Combination Sum IV
Given an integer array with all positive numbers and no duplicates, find the number of possible combinations that add up to a positive integer target.
Example:
nums = [1, 2, 3]
target = 4
The possible combination ways are:
(1, 1, 1, 1)
(1, 1, 2)
(1, 2, 1)
(1, 3)
(2, 1, 1)
(2, 2)
(3, 1)
Note that different sequences are counted as different combinations.
Therefore the output is 7.
Follow up: What if negative numbers are allowed in the given array? How does it change the problem? What limitation we need to add to the question to allow negative numbers?
Analysis:
Define function F(n) = num of possible combinations that add up to n
therefore
nums= [a0, a1, a2, ....]
then :
F(n)= F(n-a0)+F(n-a1)+F(n-a2)+..
Therefore, we can build our answer in Top-Down (memorization) or Bottom-Up way (Dynamic Programming).
For Top-Down way, we use a HashMap to record the F(k) value if it has been calculated.
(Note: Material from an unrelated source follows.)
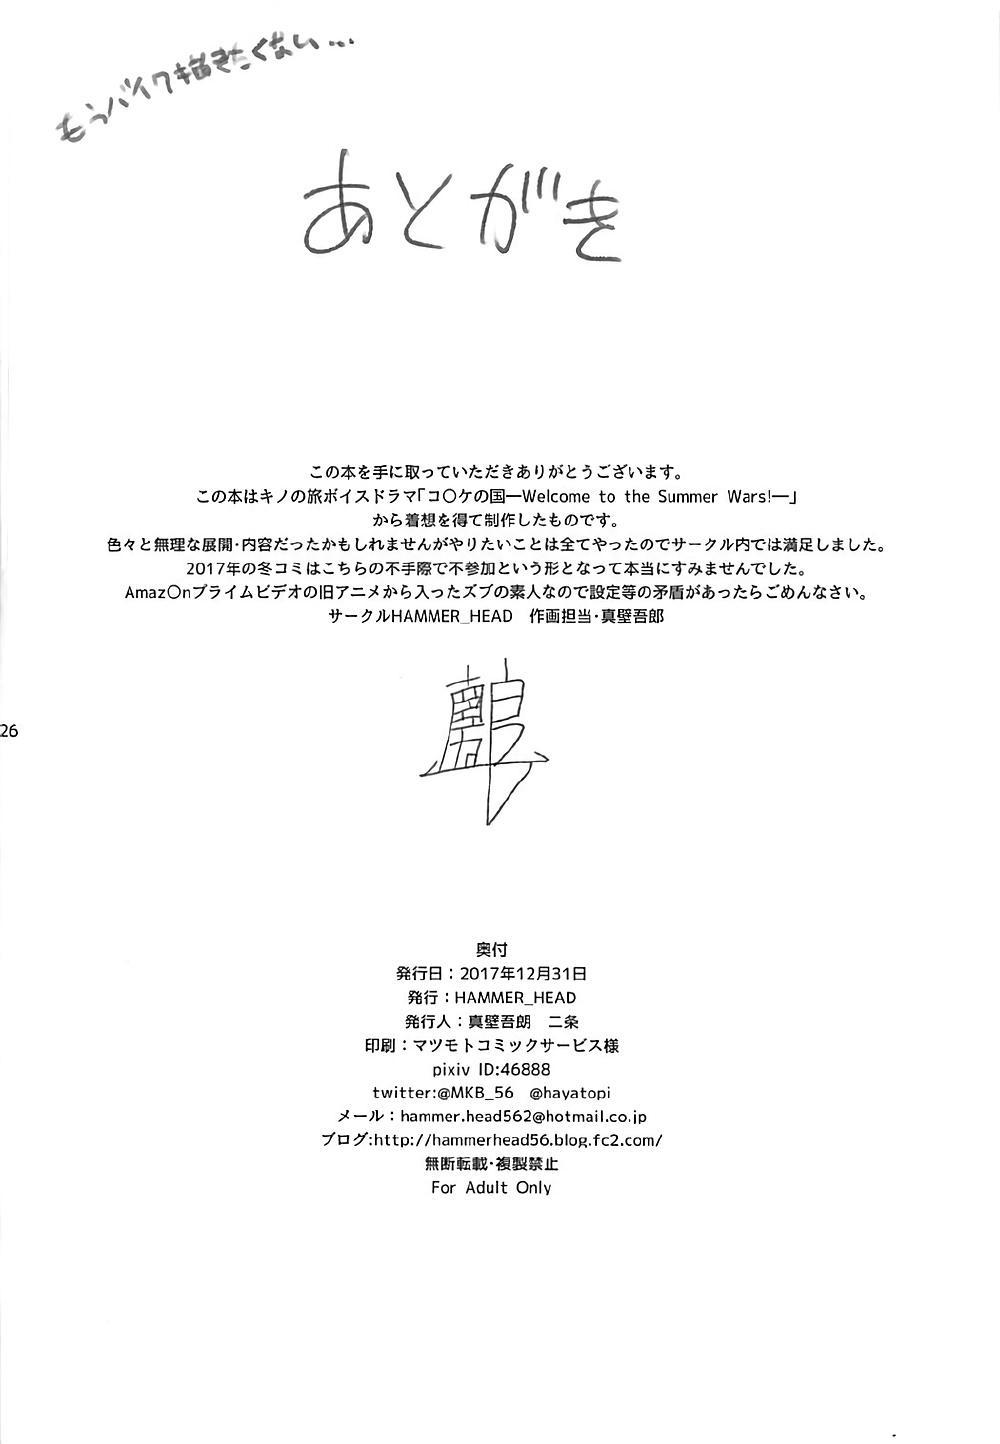 Doujinshi no Kuni 24

For Dynamic Programming approach, we define int[] dp=new int[target+1] where dp[i] represent the number of combinations that add up to i. To calculate dp[i] for i we have to build the answer to number j where j is smaller than i first.
Solution
Memorization
public class Solution {
Map<Integer, Integer> map = new HashMap<>();
public int combinationSum4(int[] nums, int target) {
int count = 0;
if (nums == null || nums.length ==0 || target < 0 ) return 0;
if ( target ==0 ) return 1;
if (map.containsKey(target)) return map.get(target);
for (int num: nums){
count += combinationSum4(nums, target-num);
}
map.put(target, count);
return count;
}
}
DP
public class Solution {
public int combinationSum4(int[] nums, int target) {
if(nums==null || nums.length==0) return 0;
int[] dp=new int[target+1];
Arrays.sort(nums);
for(int i=1;i<=target;i++){
for(int a:nums){
if(a>i) break;
if(a==i) dp[i]+=1;
else dp[i]+=dp[i-a];
}
}
return dp[target];
}
}